GDEB Receives $148M as Virginia Class Lead Yard
General Dynamics Electric Boat Corporation in Groton, CT received a $148 million cost-plus-fixed-fee modification with performance incentives, under previously awarded contract N00024-05-C-2103, to exercise an option for continuation of engineering efforts associated with their role as lead construction yard for Virginia Class Submarines. The contract provides Lead (Construction) Yard engineering support that will maintain, update and support design and related drawings and data for each SSN-774 Virginia Class attack submarine, including technology insertion, throughout its construction and Post Shakedown Availability period. The contractor will also provide all engineering necessary for direct maintenance and support of Virginia Class ship specifications.
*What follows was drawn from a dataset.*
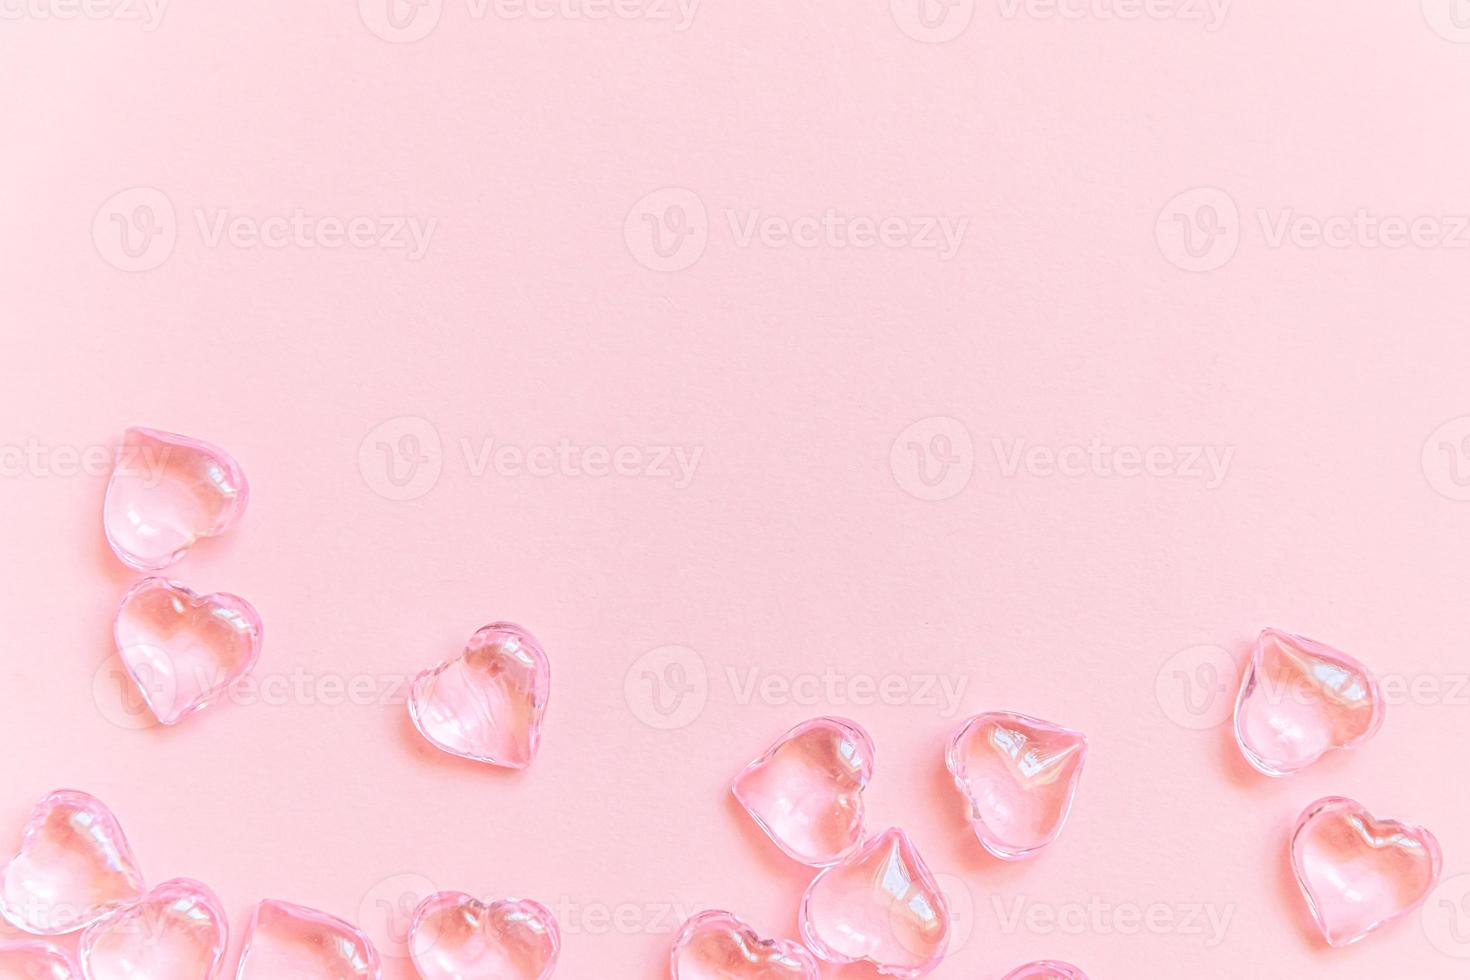 st. alla hjärtans dag koncept. många rosa hjärtan isolerade på rosa pastell bakgrund. vykort banner på alla hjärtans dag. kärleksdatum kärlekskrank bröllopsromantik symbol. ovanifrån platt låg, kopiera utrymme foto

Work on this contract will be performed in Groton, CT (94%); Quonset, RI (5%) and Newport, RI (1%), and is expected to be complete by September 2008. The Naval Sea Systems Command in Washington Navy Yard, D.C. issued the contract. General Dynamics release re: the Nov 2/07 modification.
The contract was initially awarded in October 2005, and a July 2007 General Dynamics release states that the contract will be worth $890 million if all options are exercised and funded. Previous awards have included:
- $116.4 million – July 16/07
- $ 61.5 million – Sept 27/06
- $ 30.6 million – June 8/06, targeted to design improvements
- $107.3 million – Oct 3/05
GDEB and Northrop Grumman’s Newport News shipyard co-operate to produce Virginia Class subs, and will continue until production of the submarines reaches 2 per year. That milestone has been repeatedly delayed, though there is now some pressure in Congress to move that date forward.
Meanwhile, the Cost Reduction Team’s proposal for a vertical payload and sonar system redesign [PDF] that leverages work done on the Ohio Class SSGNs is estimated to save $20M per sub. Two of the SSGN project’s “6-shooters” will replace 12 vertical bow tubes, and a new large aperture bow sonar array design is expected to offer improvements of its own. When combined with over 20 more projects in this major module, cost savings from the redesigns reach nearly $40 million per ship (for a $2.2+ billion submarine, which is attempting to reach $2 billion with further improvements).